• _DATA RECORDS_:
..........

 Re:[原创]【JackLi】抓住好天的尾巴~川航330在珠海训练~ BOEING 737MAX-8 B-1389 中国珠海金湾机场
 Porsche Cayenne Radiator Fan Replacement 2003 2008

..........

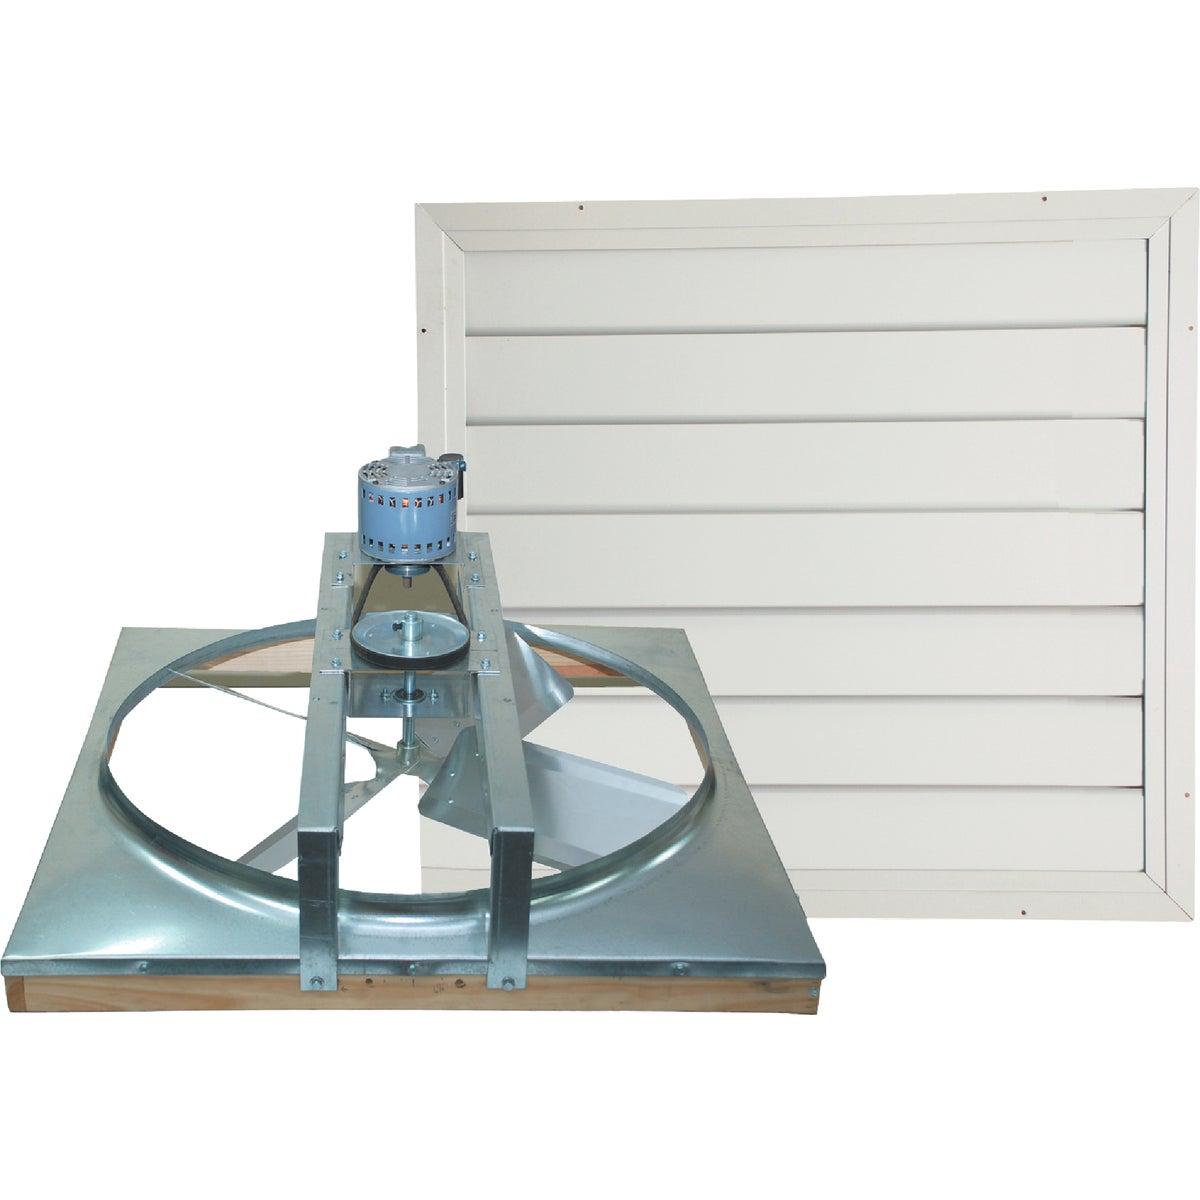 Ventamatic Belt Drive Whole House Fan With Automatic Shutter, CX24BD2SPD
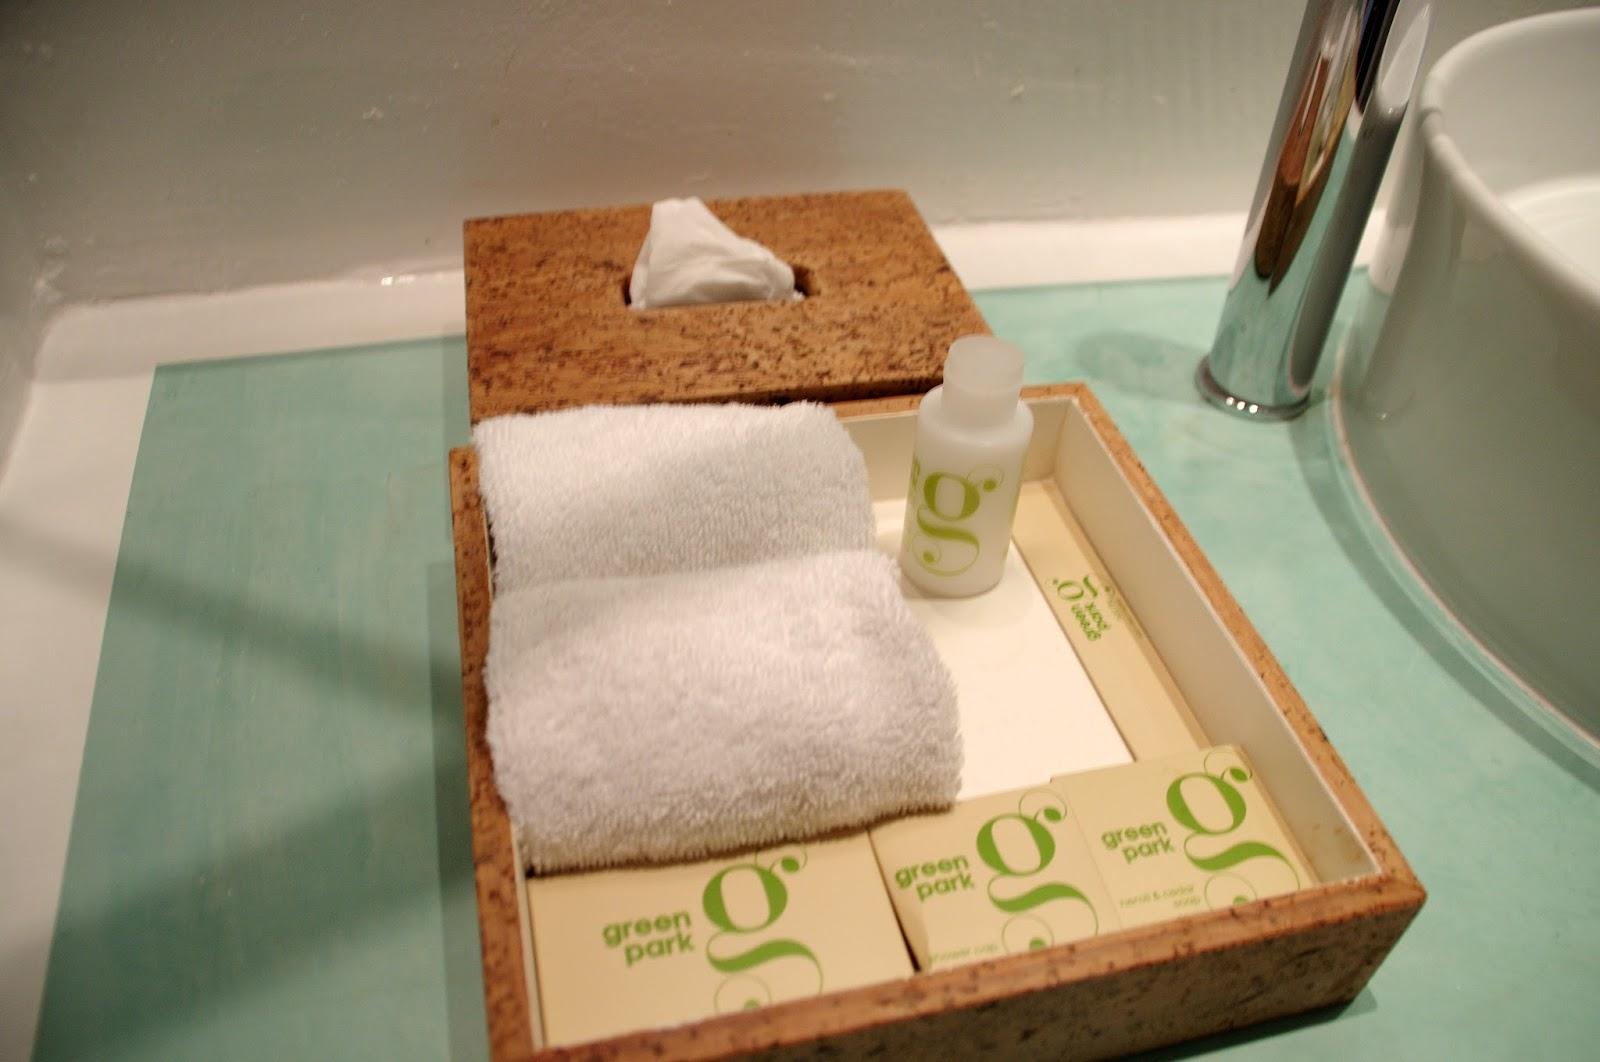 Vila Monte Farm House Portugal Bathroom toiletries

..........

• _WORK TO BE COMPLETED_: Your answer should consist of the lines from the line with "Re:[原创]【JackLi】抓住好天的尾巴~川航330在珠海训练~ BOEING 737MAX-8" to the line with "Porsche Cayenne Radiator" above, repeated exactly, both ends included.

• _EXERCISE ANSWER_:
 Re:[原创]【JackLi】抓住好天的尾巴~川航330在珠海训练~ BOEING 737MAX-8 B-1389 中国珠海金湾机场
 Porsche Cayenne Radiator Fan Replacement 2003 2008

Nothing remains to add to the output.